CMRI shows perfusion in four consecutive cardiovascular cycles in the short axis slices in the base (A), mid (B), and apical left ventricular portions (C). Panel (D) shows late gadolinium enhancement pictures in similar sections. There is significant ischemia in the inferior and inferolateral wall10.
Results of CMRI in the current study were subdivided into two groups the same as in the study of Abdelrahman et al.9, into: (i) Viable myocardial segment was defined as having no myocardial scarring or having ≤ 50% myocardial scarring. Subendocardial scarring was defined as 25% myocardial scarring and partial thickness scarring as 50% myocardial scarring. (ii) A nonviable myocardial segment was defined, as scarring that was > 50% of the thickness of the myocardium. On delayed-enhancement imaging, a no-reflow zone (microvascular obstruction) was visible as a dark region surrounded by hyperenhancing myocardium and/or a first pass resting perfusion defect corresponding to delayed myocardial enhancement. The results of the CMRI were compared to the results of the corresponding conventional coronary angiograms in this study.
CMRI technique in IHD
Adequate patient preparation prior to a CMRI examination is a required component of good CMRI practice. The following were some general pointers for patient preparation: (i) Consider a single-shot module or free breathing with real-time image acquisition if patient has trouble with breath holding, arrhythmia, or motion artifacts. (ii) Consider using an abdominal band to reduce artifacts in cases of difficulty due to extensive respiratory motion. (iii) In cases of difficulties due to pericardial effusion and a weak ECG signal, considered a peripheral pulse gating. (iv) If there are difficulties due to ghost artifacts caused by pleural effusion and respiratory difficulties, considered postponing the CMRI imaging until after pleural effusion drainage. These IHD patient preparation guidelines for CMRI were consistent with the Asian Society of Cardiovascular Imaging (ASCI) standardized practice protocol for cardiac magnetic resonance imaging11. CMRI sequences used in IHD patients in the current study (Table 1) were consistent with the Korean Society of Cardiovascular Imaging (KOSCI) practical and standard CMRI protocol and guideline for CMRI12.

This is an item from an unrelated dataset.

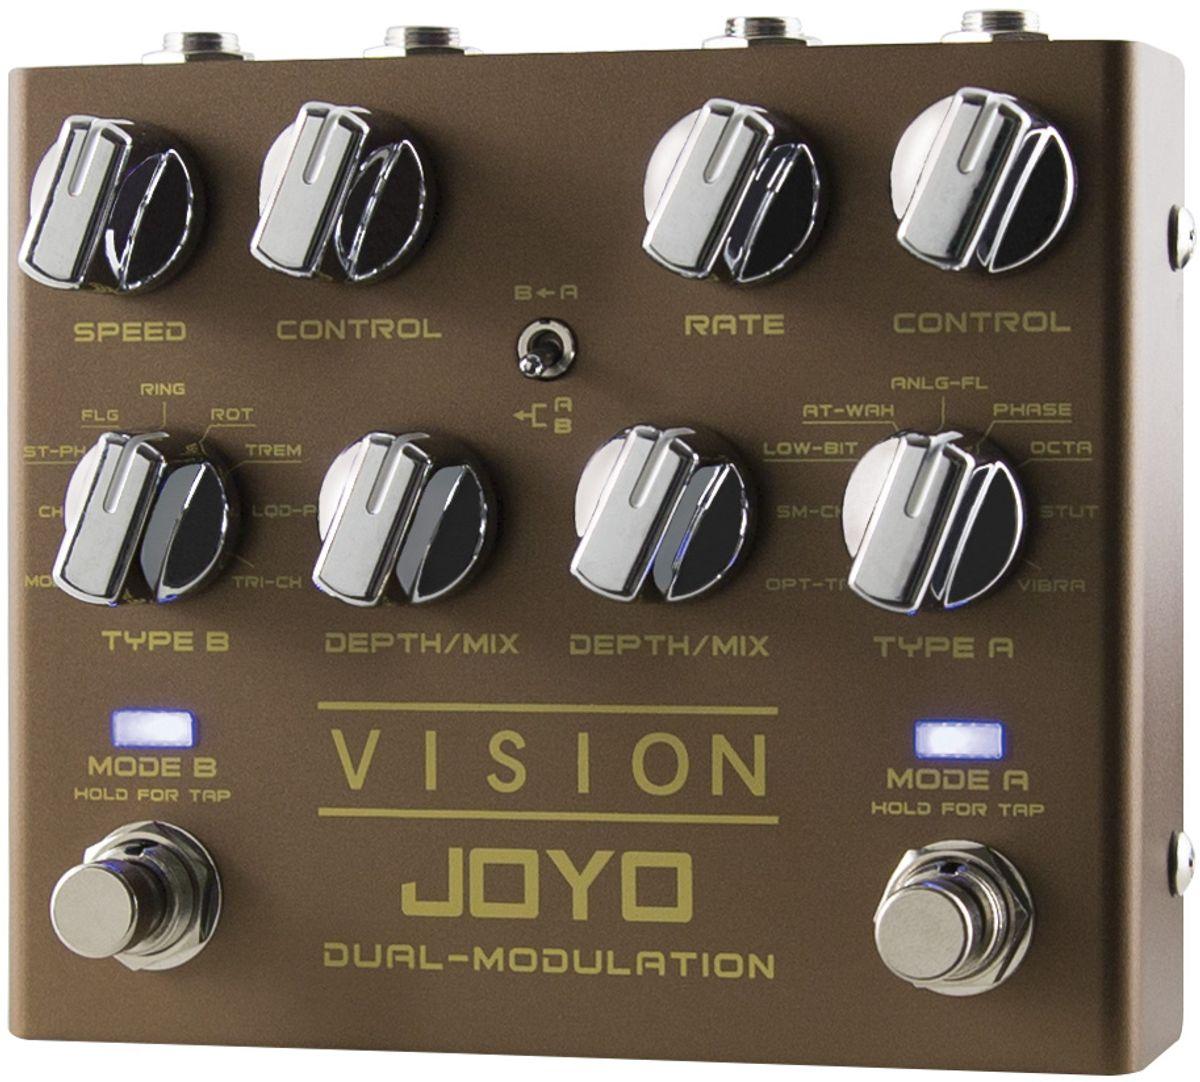 Joyo Vision Dual-Modulation Review

CMRI was performed using the precise planes required for imaging. MRI technologists in this study were familiar with various image axes for accurate imaging interpretation, despite the fact that recent MRI units provide a support system for the CMRI plane. The imaging plane of CMRI in IHD patients used in this study was consistent with the KOSCI practical and standard CMRI protocol and guideline for CMRI12.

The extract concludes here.